Public Health Ontario
As a health researcher at the London School of Economics, I participate in a number of activities related the economic assessment of health and social care policies. I feel privileged to be in a position where I provide specialist commentary on past, present and future health interventions for many domestic and international governments and health organizations. In addition to my research activities, I thoroughly enjoy conveying my fascination with the world of health care and economics through lectures, conferences and events.
The training program was a truly enriching experience, which enabled me to be a more confident and well-rounded health researcher. In addition, it introduced me to many peers and mentors, who continue to be a source of collaboration and support. The training and development offered by the collaborative was immediately relevant upon graduation, and provided me with a substantial toolkit when entering the workforce. The coursework related to policy approaches, and modules on the economic evaluation of public health interventions, were of such interest they guided many of my subsequent career choices.
Suggestions for new and current students in the Collaborative Program:
Attend every event, lecture, workshop and module available. Actively engage with the built-in network of peers and mentors, and find at least one area of public health to immerse and specialize in.
PhD Candidate in Health Economics
London School of Economics
Knowledge-to-Action Processes and Macro-Level Decision-Making:
20 Minutes with Dr. Laura Rosella
Dr. Laura Rosella is currently a Scientist at Public Health Ontario, and an Assistant Professor in Epidemiology at the Dalla Lana School of Public Health. As a population health researcher, she focuses on ways in which we can inform the prevention of chronic diseases and their risk factors.
Rosella was accepted into the 2009-2010 CIHR Strategic Training Program in Public Health Policy as a post-doctoral fellow in Epidemiology.

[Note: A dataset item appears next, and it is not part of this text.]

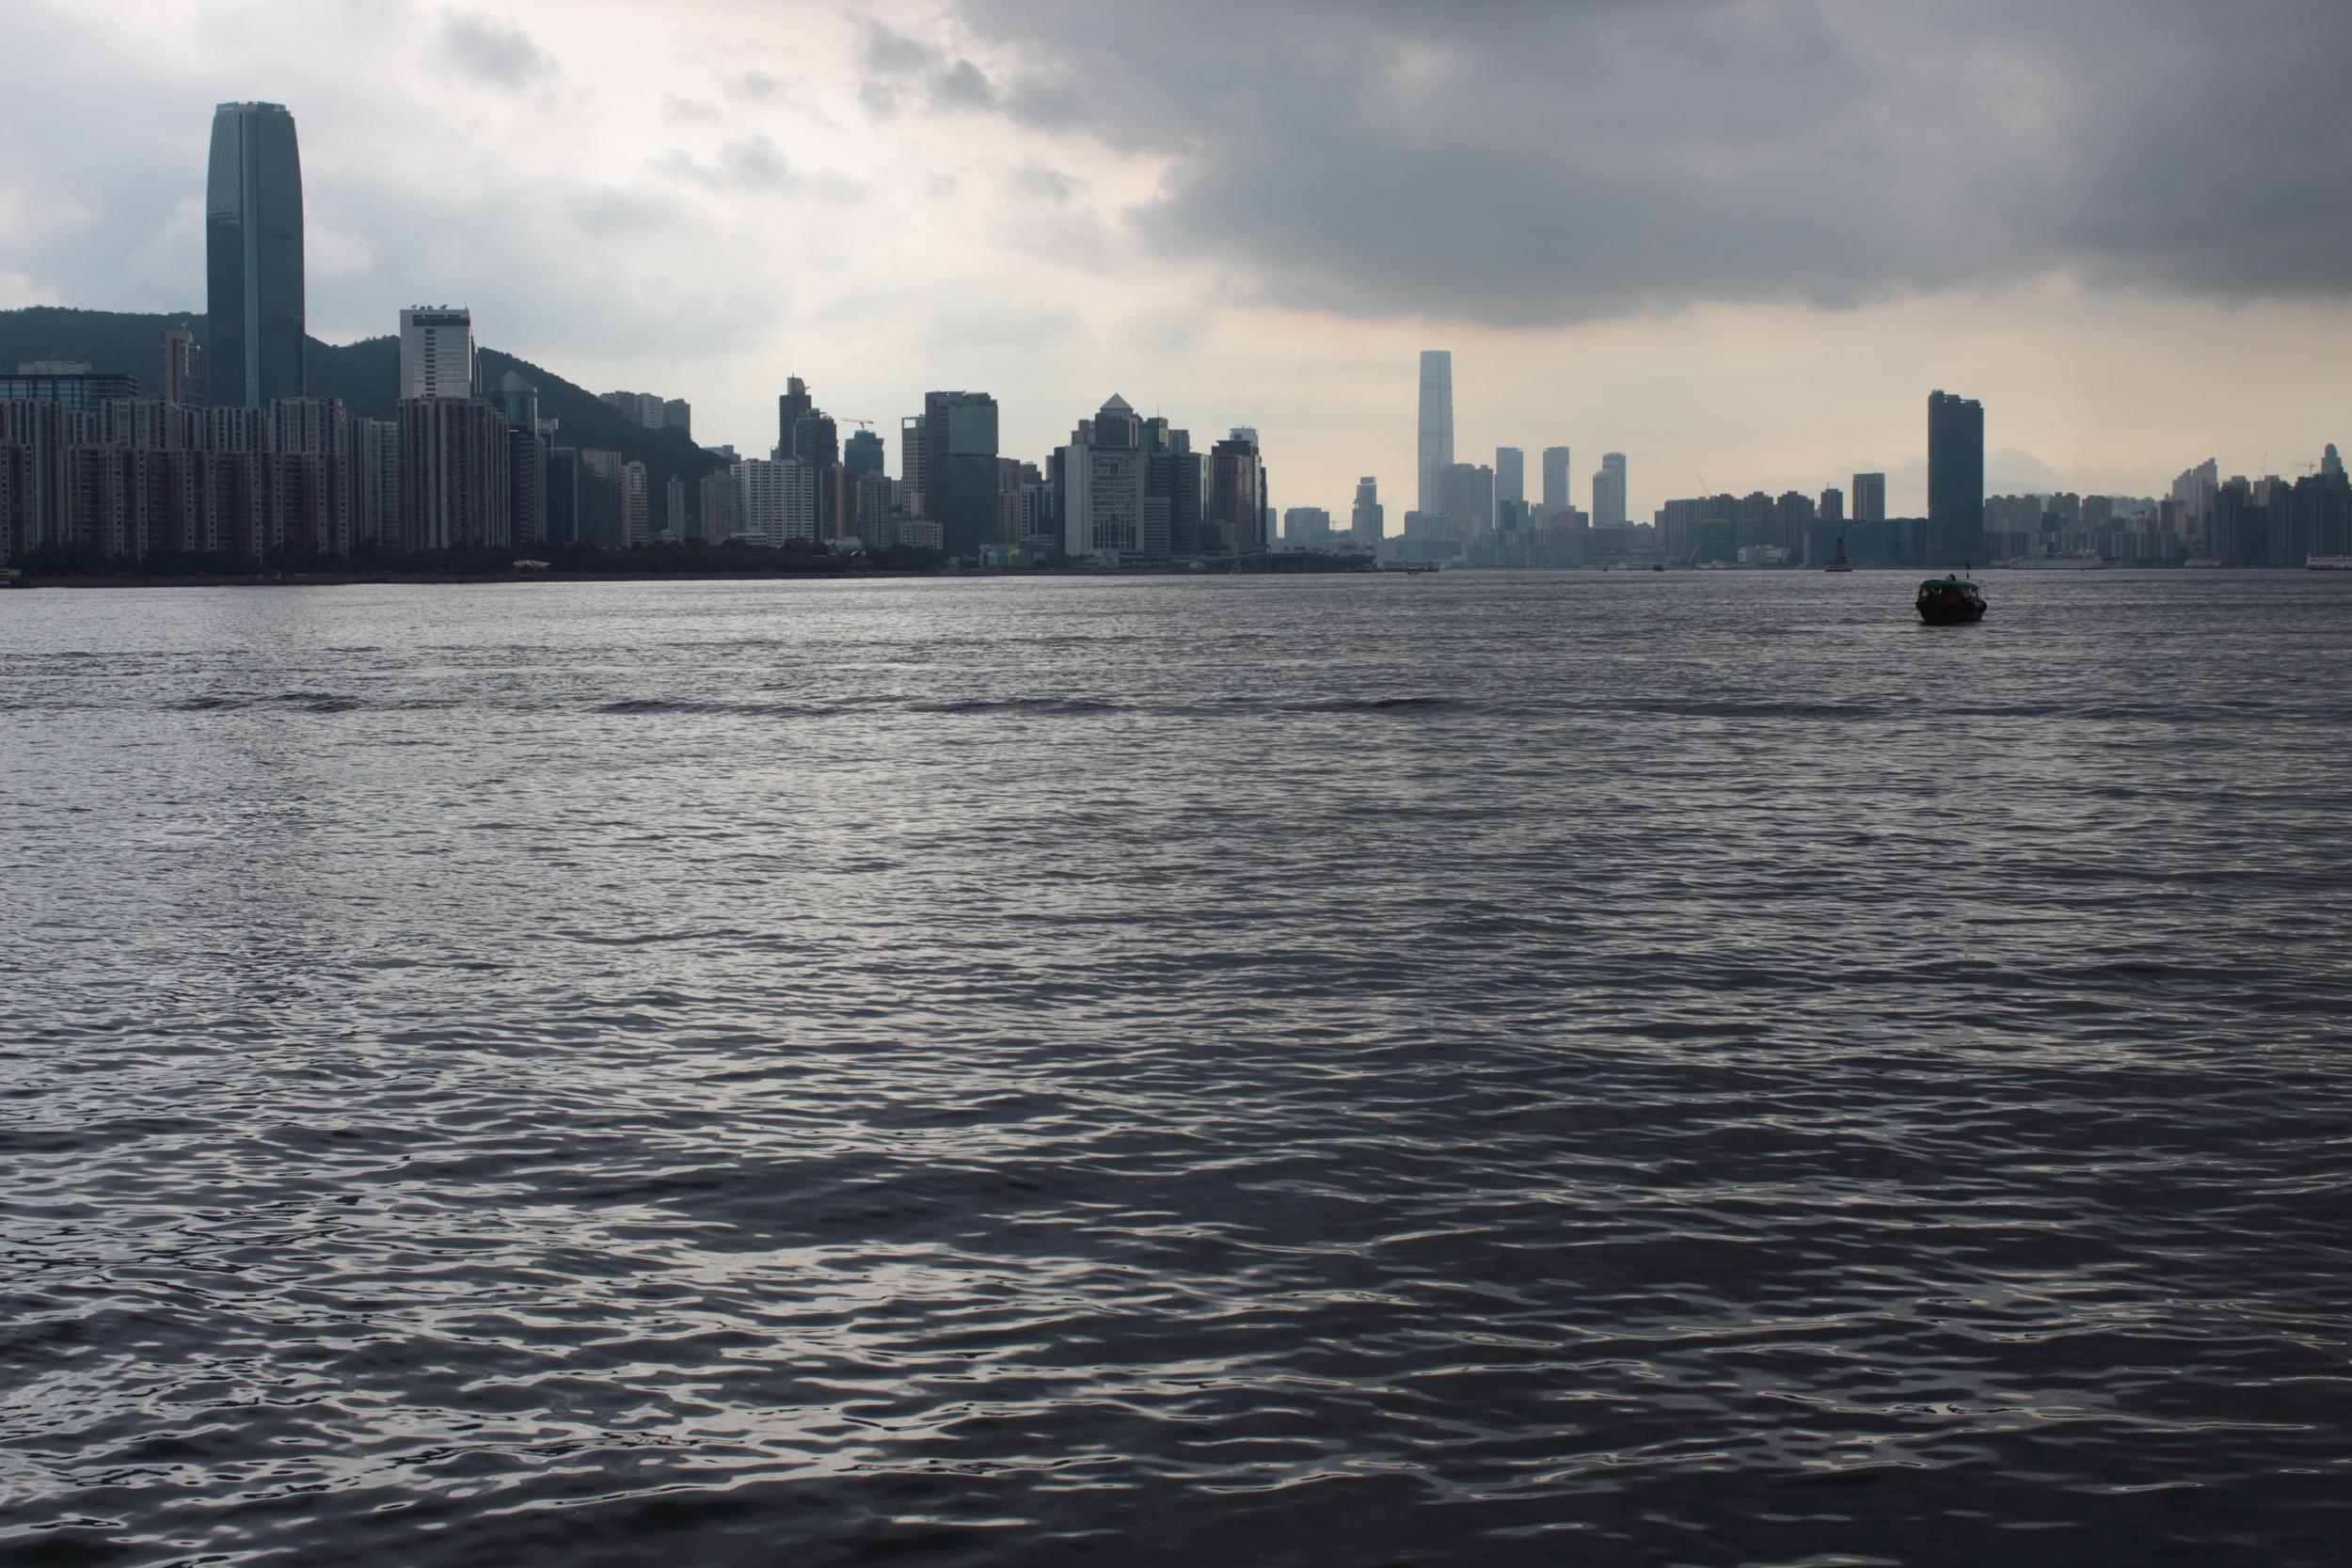 Hong Kong from the Southeast corner

Her research looked at how high impact, macro-level decisions are made during a pandemic. Such decisions are typically made very quickly, and under immense pressure. For instance: who do we vaccinate first in the midst of a global infectious disease? Rosella’s timing could not have been better: she undertook her research during the global outbreak and aftermath of the H1N1 influenza virus, which reached the height of its pandemic in 2009. “People wanted to talk. They wanted to share their experiences.” Rosella went on to secure 40 key informant interviews with public health and healthcare clinicians and practitioners across Canada who were directly involved with containing the outbreak.
The Strategic Training program was instrumental for Rosella in developing an understanding of what public health policy is: “I still work in public health policy. The Training Program gave me the toolkit to implement policy, as well as access to a system level of public health policy.” Rosella’s study bred a new area of research around knowledge-to-action processes, and specifically how knowledge interfaces with policy. How can we package evidence and knowledge in a way that is amenable to policy?
For Rosella, the various components of the program offered great value: “The Institutes were extremely helpful, due to the large network of people that you can connect with. The Rounds really showcase the interdisciplinary nature of the program. They lend the opportunity to network with various disciplines and with mentors.”
Does Dr. Rosella have any suggestions or advice for new students? “Embrace everything that the program has to offer,” she says. “I learned a whole new language that I had never spoken before, and I wouldn’t be where I am today if I hadn’t completed the program.”